The state machine ensures transitions are explicit and the UI never lands in an ambiguous state.
Summary and Component Library Reference
Four patterns cover the local inference UX lifecycle. Download progress components handle multi-gigabyte model fetches with byte-level tracking and cancellation. Warm-up indicators give users phased feedback during cold-start latency. Streaming displays render token-by-token output with auto-scroll and stop controls. Capability detection checks hardware and browser support before the user commits to a download. Each component and hook is runtime-agnostic with appropriate adapter wrappers.
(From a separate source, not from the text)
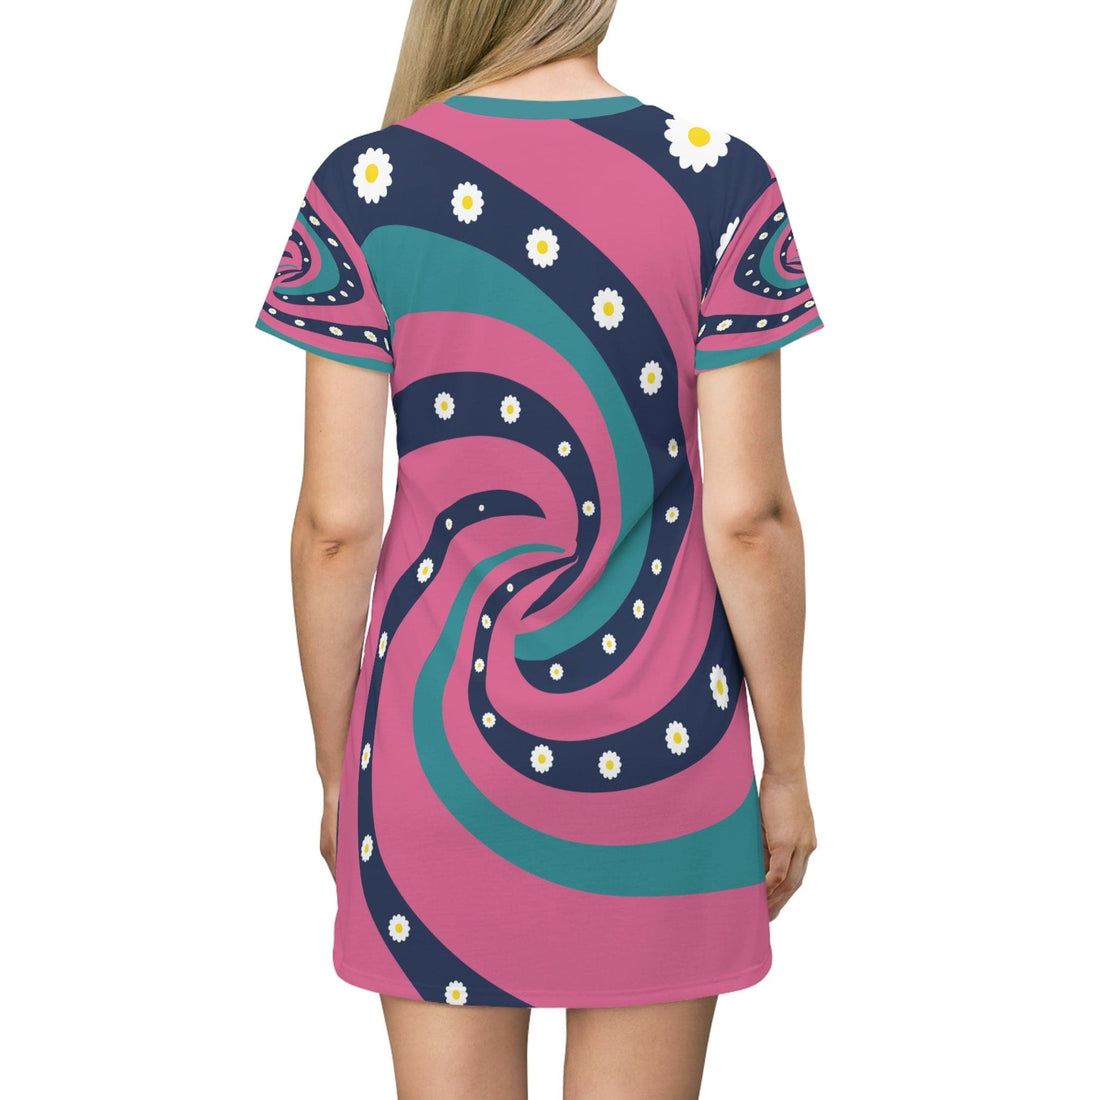 Kate McEnroe New York Retro 70s Psychedelic Groovy Swirl Flower Power Tshirt Dress in Mid Century Modern Teal Blue, Pink, Navy, MCM Summer Party Dress, Beach Wear Dresses S 21474881676877458734

They can wrap Transformers.js pipelines, WebLLM sessions, or Ollama local endpoints, provided the model object exposes a generate(prompt: string): AsyncIterable<string> interface. All CSS class names referenced in the components (badge-green, shimmer-skeleton, download-progress, etc.) are presentational placeholders; supply your own styles or design system tokens when integrating.